Anyway, I still think it is no biggie, focus stacking is so easy manually in most cases that it is hardly something to fret about.
 

dick

New member
... focus stacking is so easy manually in most cases that it is hardly something to fret about.
If it makes the difference between needing to carry a 10Kg tripod instead of a 2kg tripod... that is significant... but if you also have to carry a laptop there is little or no back-pack weight advantage
 

trinetr

New member
summarized as:
AF vs MF
Focusing Rail is for Macros
Tech Camera
I have been a bit wary of touching the lens once I have made a composition, given the way my Nikon already slaps its tongue after and before every shot, even in LiveView mode. However, the ability to micro-move the AF spot in LV mode using a remote has encouraged me to stay with this way of focus stacking (using AF, I mean), at least so far. I will try by manually focusing at different distances, now!

It was pretty dumb of me to even mention focusing rails, particularly when I knew very well that (1) it is for macros; and more importantly (2) the scene itself changes every time the camera rolls (*cough*) down on the rail, even with the micro-movements with something like stackshot.

I have been tempted to try view camera systems myself. Bought a 24mm PC-E to boot with, but have missed it so badly after I sold it off, that too by losing some good money! But maybe it is a good thing because I have developed a soft corner for something like the Horseman LD { HORSEMAN LD FOR DSLRs } or VCC Pro { HORSEMAN VCC PRO } which bring tech camera movements to the DSLR range. More so, because they have adapters to use higher end DBs at a later stage. But are there solutions like this where I need not be tied-in to one type/make of lenses, but using the more generic standard lens board (from any manufacturer) ?

You can also move the focus in small, medium or large steps via the software. Check out the relevant pages in the Phocus software manual (pages 34-35).
Interesting! Is this also possible from Phocus Mobile/iPad ?
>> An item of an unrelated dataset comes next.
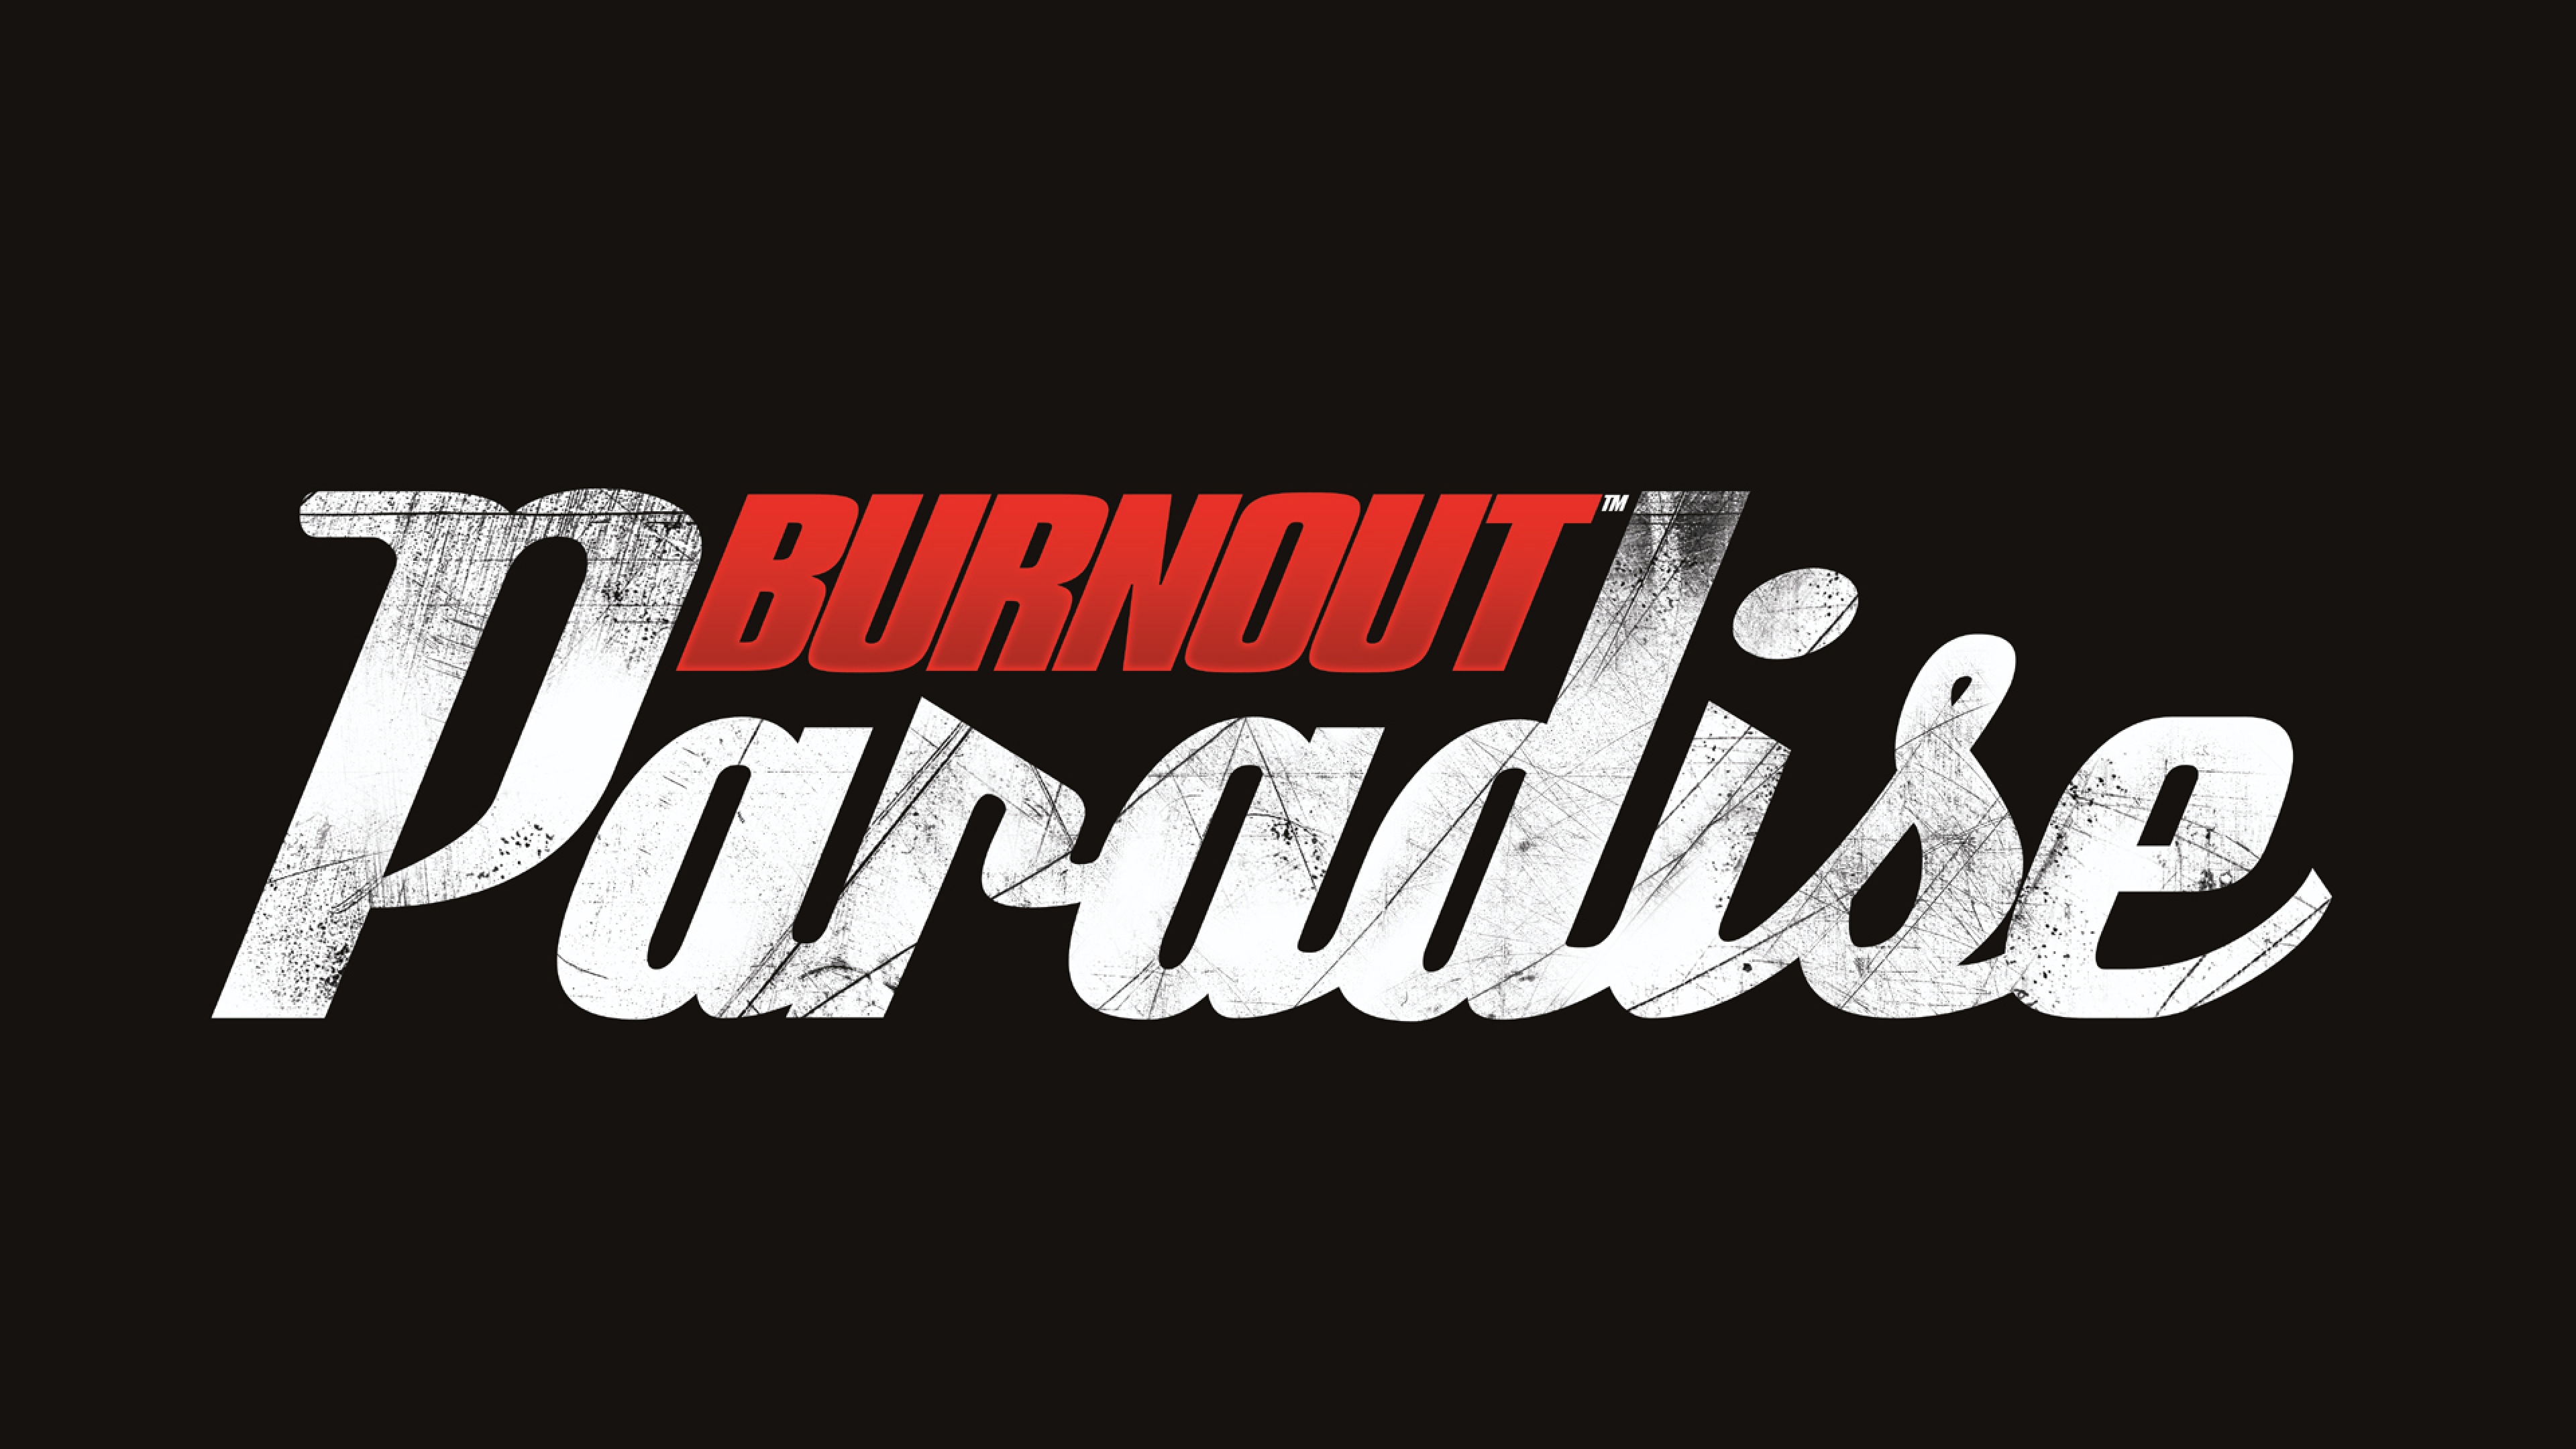 Download Wallpaper 3840x2160 Burnout paradise, Criterion games ...
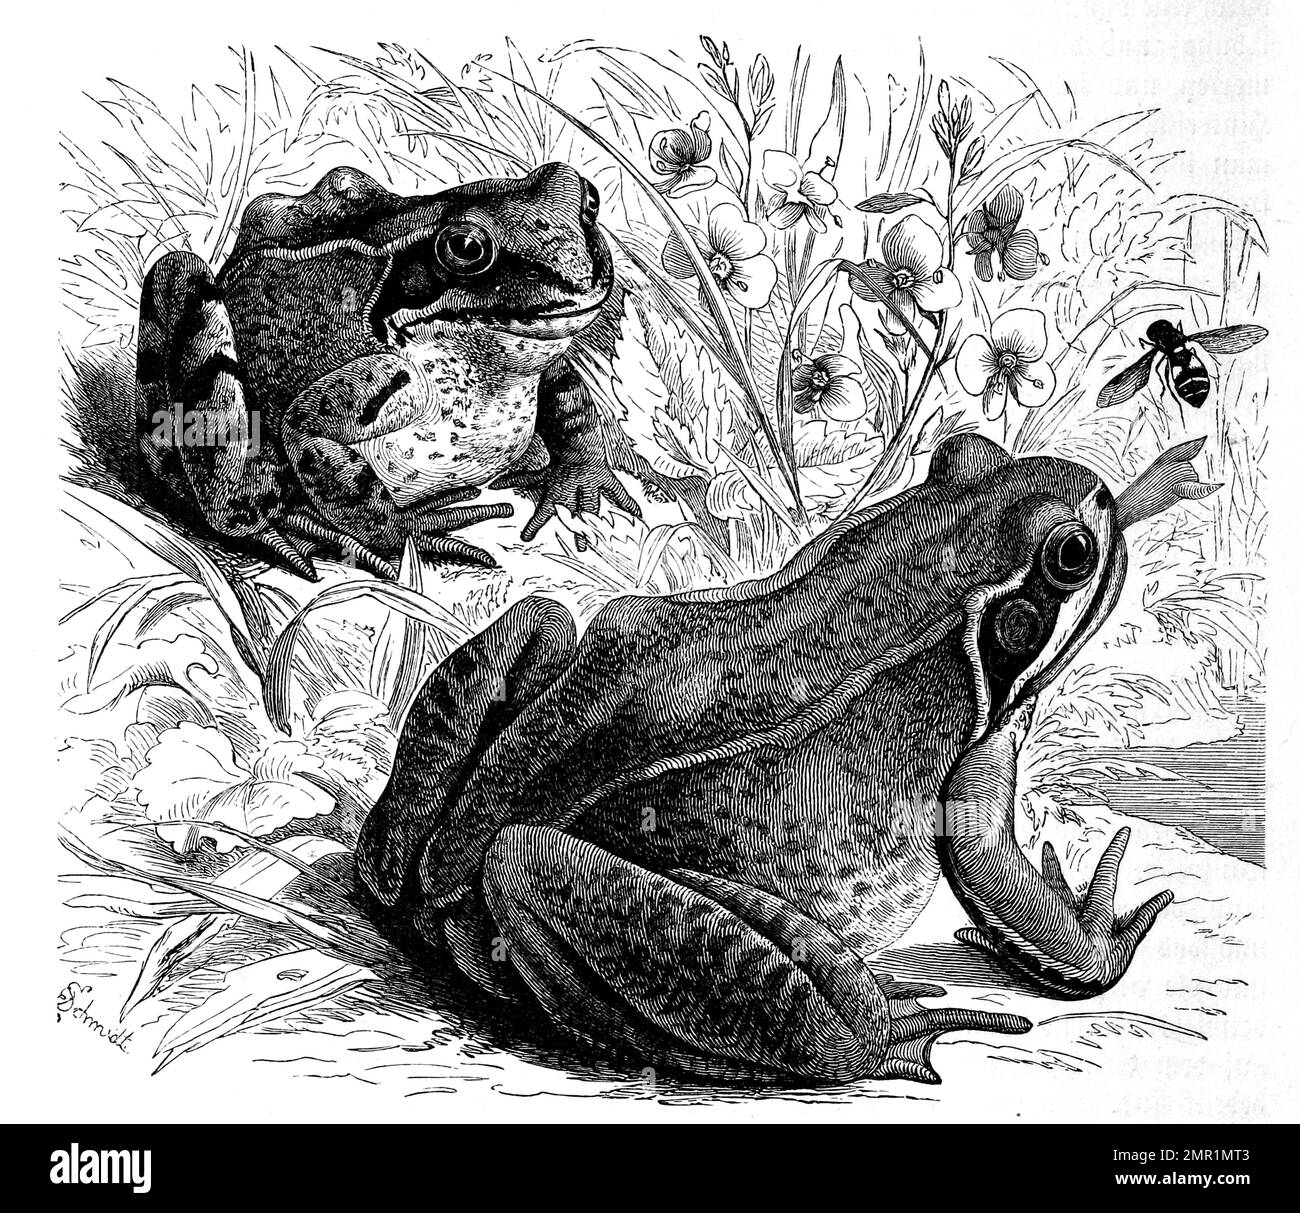 Reptilien, Grasfrosch, Rana temporaria gehört zur Gattung der Echten Frösche in der Familie der Echten Frösche, Historisch, digital restaurierte Reproduktion von einer Vorlage aus dem 19. Jahrhundert Stock Photo

there is an MF camera that has an automatic focus bracketing function that works pretty well with AF lenses: Hy6/ AFi.
Thanx for the note about the Hy6/AFi capabilities - I had not known much about this system at all!

Actually, with the right tech camera system focus-stacking for landscapes is MUCH easier with a D3s with a typical Nikon lens.
{Your +1 for IQ series}
Can you suggest/point me to some good tech camera systems that can be used with a nikon lens ? I could find the Horseman LD and the Arca M-Line II that can be used with SLRs, but with nikon lenses ?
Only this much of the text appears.